Mis sollozos se rompieron, las lágrimas demolieron la última de mi fuerza, mi corazón que se sentía entumecido latía con angustia, pero ¿qué? Nada cambiaría. Había perdido todo en una sola noche.
Los ojos de los tres se abrieron de par en par, todos los colores dejaron sus rostros. Parecían pálidos, completamente pálidos.
Me derrumbé y caí de rodillas; abrazándome a mí misma para encontrar algún tipo de calor, el calor de mi papá cuando solía estar aquí para mí, pero ahora, no estaba.
Los trillizos parecían estar sin palabras y dudando sobre qué decir.
—Olivia, cuéntanos qué pasó —preguntó Lucas arrodillándose e intentando que me levantara. Sus manos temblaban.
—Les diré a todos lo que pasó —la voz más malvada resonó desde atrás; solo la voz me disgustaba hasta la médula.
Mi cabeza se giró y vi esos ojos verdes repugnantes y malvados pertenecientes al Bruto—el Gamma. Los ojos escondían todas las intenciones malvadas debajo de ellos sin dejar que nadie se diera cuenta ni un poco.
Se acercó a nosotros y vi lágrimas deslizándose por sus mejillas; todo su acto falso parecía extremadamente real—suficiente para engañar a cualquiera, pero ¿los trillizos le creerían? Bueno, no sabía que pronto me golpearía la realidad.
—Su padre mató brutalmente a nuestra Luna —gritó mientras me señalaba con ojos llenos de ira.
Lucas, Benjamin, Alex, los tres se veían blancos como el papel al escuchar las palabras que salían de la boca del Gamma.
—Oliver nunca haría eso —Benjamin negó con la cabeza y soltó un profundo suspiro.
—Lo encontramos con el mismo puñal con el que se cortó la garganta de su madre y lo encontramos al lado del cuerpo sin vida de su madre. ¿Aún necesitan más pruebas? —gruñó el Gamma con furia.
Alex perdió el equilibrio y se apoyó en el coche.

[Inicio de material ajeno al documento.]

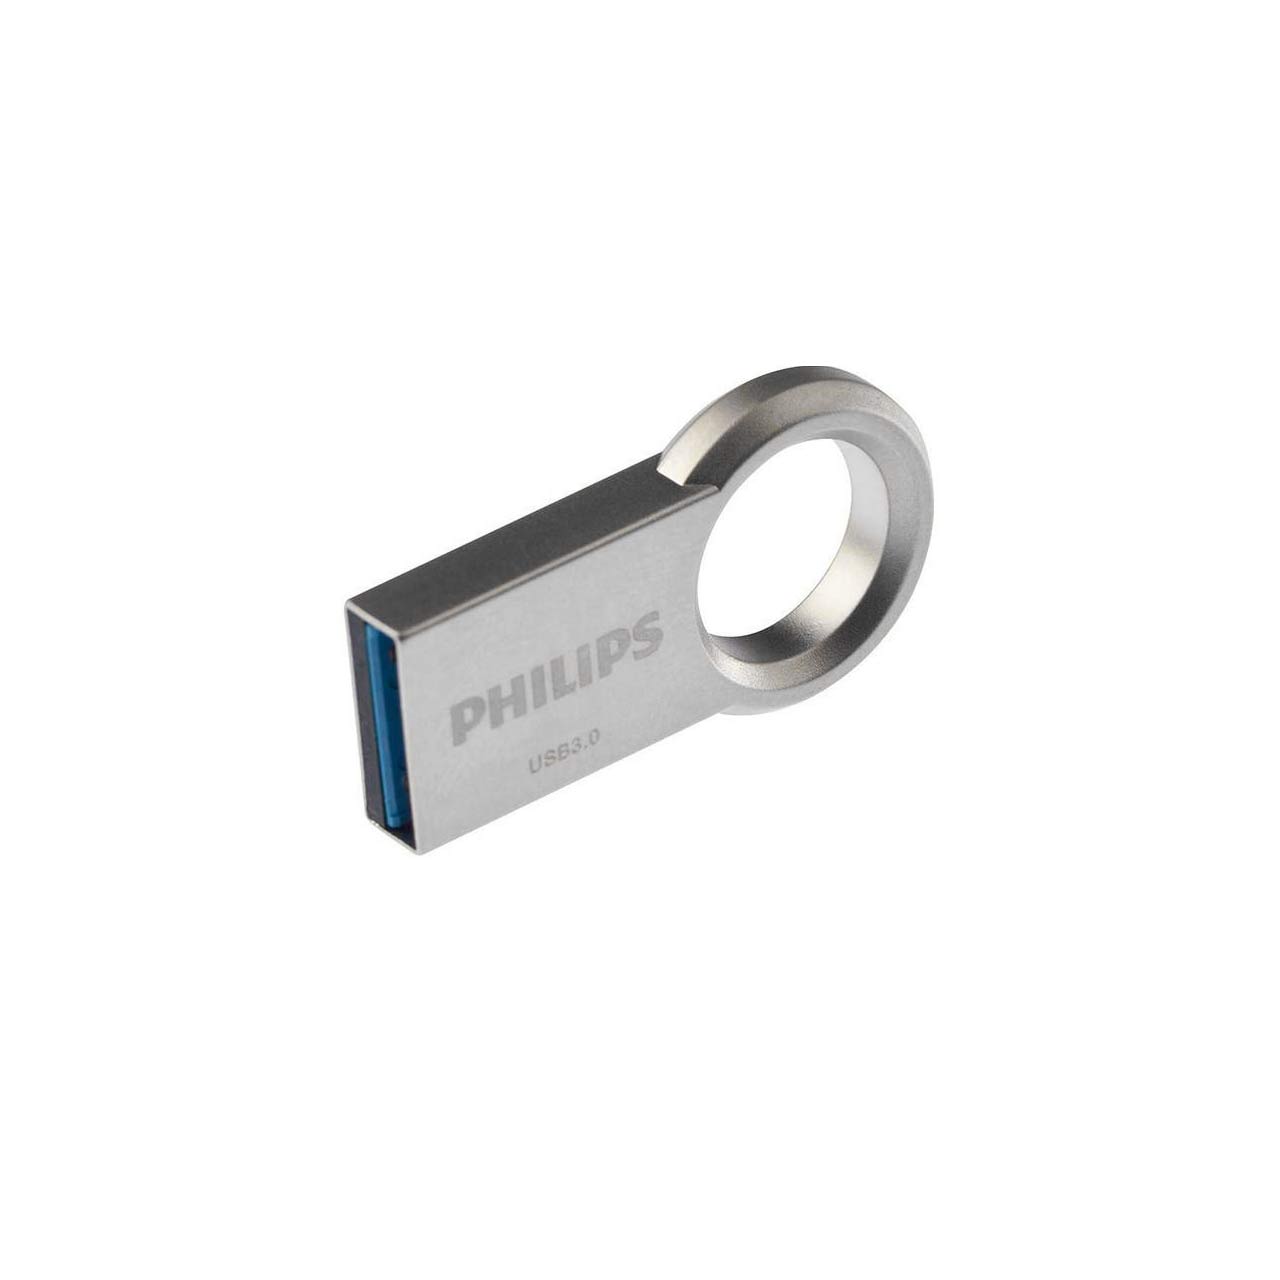 Philips CirCle FM32FD145B USB 3.0 Flash Memory - 32GB فلش

Vi lágrimas acumulándose en los ojos de todos ellos.
—Y además encontramos el mismo veneno en su bolsillo que fue inyectado en el cuerpo de tu padre. Y ahora está paralizado, puede que nunca vuelva a ser normal —el Gamma enfatizó la última palabra.
—¡No! Todo es una trampa. Créeme, papá nunca haría eso. Todos conocen muy bien a papá —balbuceé y me levanté; mis rodillas débiles estaban listas para ceder en cualquier momento.

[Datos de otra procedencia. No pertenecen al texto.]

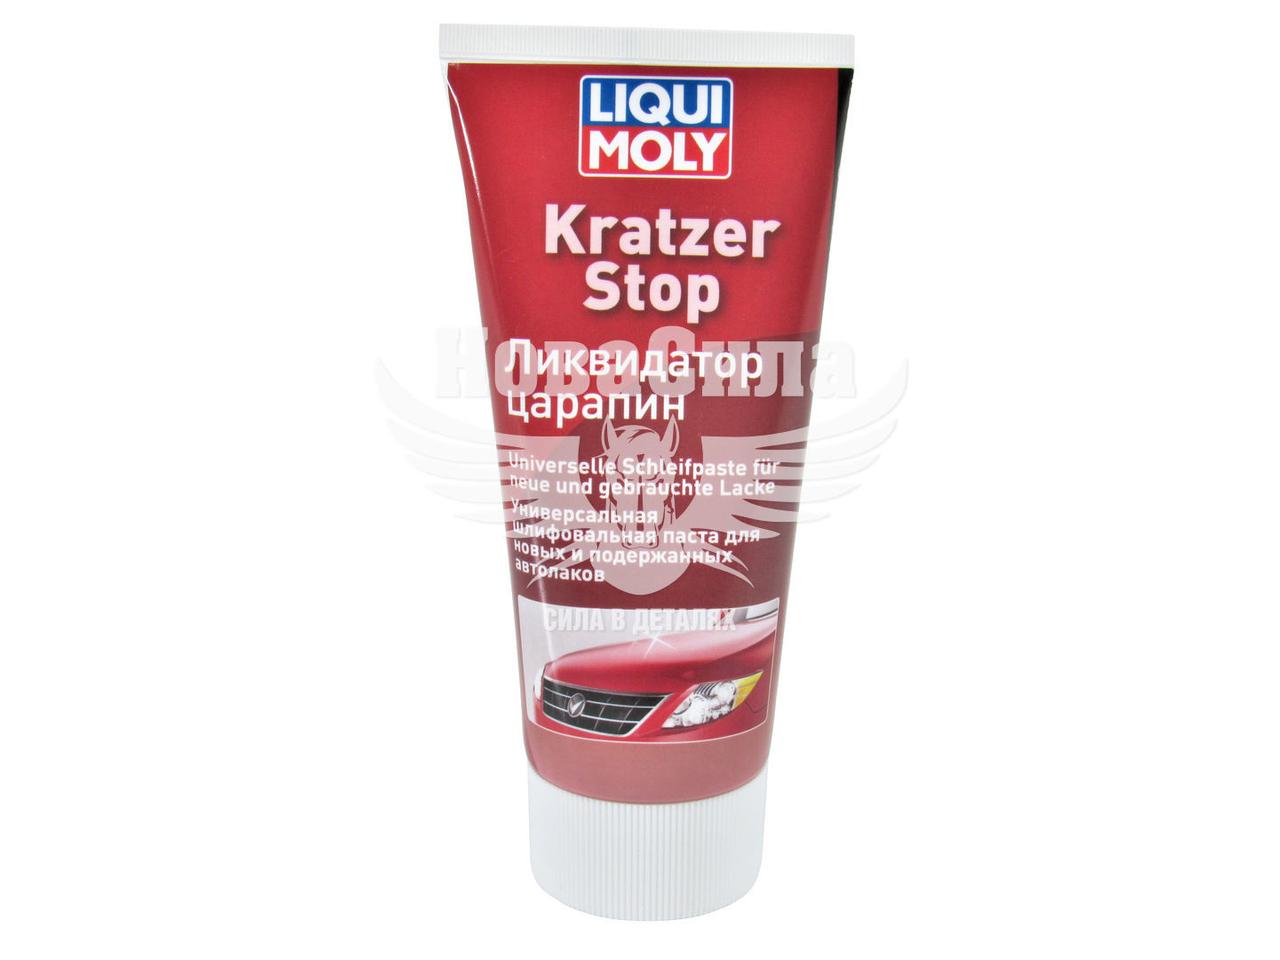 Ліквідатор подряпин (Liqui Moly) Kratzer Stop 0,2кг.   2320

—Cállate, hija de traidor. Sigues defendiendo a ese traidor. No es de extrañar que seas igual que tu padre —escupió el Gamma.
—No te atrevas a decir nada sobre mi papá. Mi papá nunca haría algo así —grité de vuelta y de repente el tirón brusco de mi cabello me hizo gritar; él había agarrado mi cabello bruscamente con su mano.
—Ahora pagarás por los actos de tu padre, mocosa. Voy a hacer que tu vida sea un infierno —se rió oscuramente, agarrando más de mi cabello con más fuerza. Sentí como si mi cabeza fuera a desprenderse.
Grité de dolor y luché en su agarre, pero él superó fácilmente a la niña de doce años que era yo.
—Lucas, sabes que papá nunca haría algo así, ¿verdad? Ayúdame —miré a Lucas, pero él apartó la mirada.
Mi corazón se rompió en innumerables pedazos al darme cuenta de lo que acababa de suceder.
Confiaron en el Gamma como todos los demás.
—Llévenla a las mazmorras —el Gamma me arrojó frente a los guardias y mis rodillas se magullaron por el suelo áspero y la sangre salió de la herida sin esfuerzo.
Lloré de dolor y miré a los trillizos con ojos llorosos. Ninguno de ellos se molestó en ayudarme, dejándome sola.
Esta fue la primera vez que sentí que los trillizos estaban lejos de mí, no físicamente, pero así se sentía.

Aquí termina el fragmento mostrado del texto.